Please help.Thanks in advance!!
****DOOD*****
-
November 5th, 2006, 11:48 AM
#2
Hi
How about
Code:
Dim sysWebClient As System.Net.WebClient = New System.Net.WebClient
sysWebClient.DownloadFile("http://www.google.com/images/logo.gif", _
System.Environment.GetFolderPath(Environment.SpecialFolder.MyDocuments) & _
"\google_logo.gif")
In addition, you can configure Proxy-Settings as well as User-Credentials with the WebClient-class.
Cheers
Last edited by sec_ware; November 5th, 2006 at 11:51 AM.
If the only tool you have is a hammer, you tend to see every problem as a nail.
(Abraham Maslow, Psychologist, 1908-70)
-
November 5th, 2006, 12:19 PM
#3
Junior Member
Hi,
Thanks for the reply.
I had tried using web client but the site throws up a login page...and i am using the web request object to pass POST parameters to bypass the login page.

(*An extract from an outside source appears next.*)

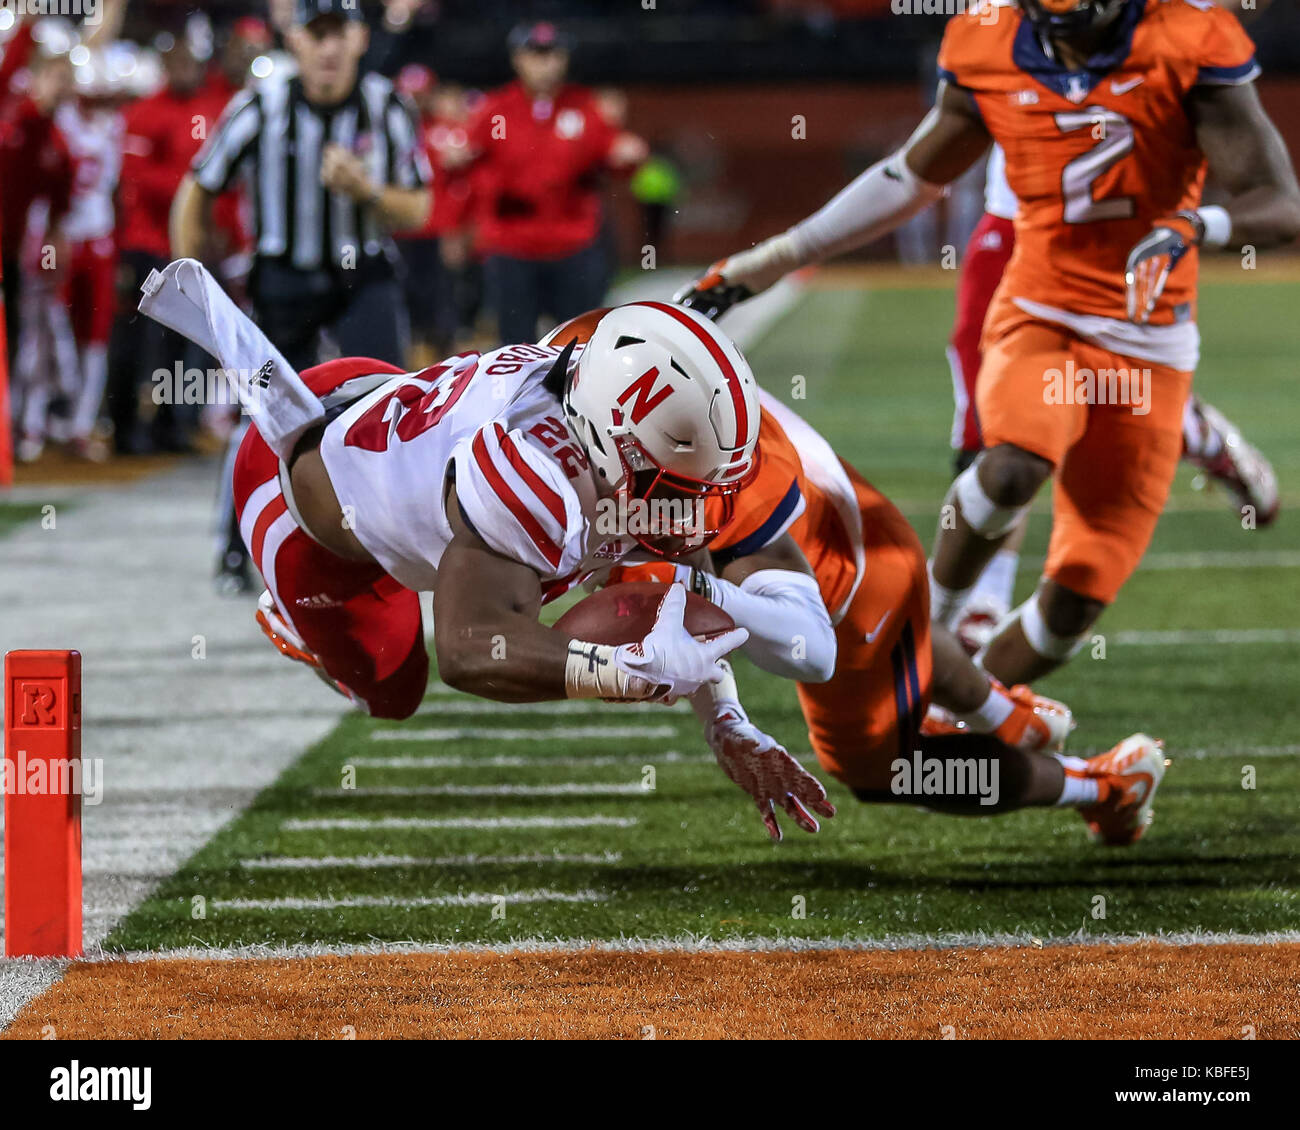 Friday September 29th - Nebraska Cornhuskers running back Devine Ozigbo (22) dives in for the touchdown in the first half during NCAA football game action between Nebraska and University of Illinois at Memorial Stadium in Champaign, IL. Stock Photo

Currently I have been successful in opening the file and getting it as an IO Stream, but now there's a new problem in that the file is a word doc, and the saved file appears corrupted ...i guess the problem is with encoding and i am currently researching on it...
Any help will be appreciated
****DOOD*****
-
November 5th, 2006, 06:05 PM
#4
Hi
I see - I misunderstood you. I thought you are talking about a login that could be handled using
Code:
sysWebClient.Credentials = New System.Net.NetworkCredential("username", "password")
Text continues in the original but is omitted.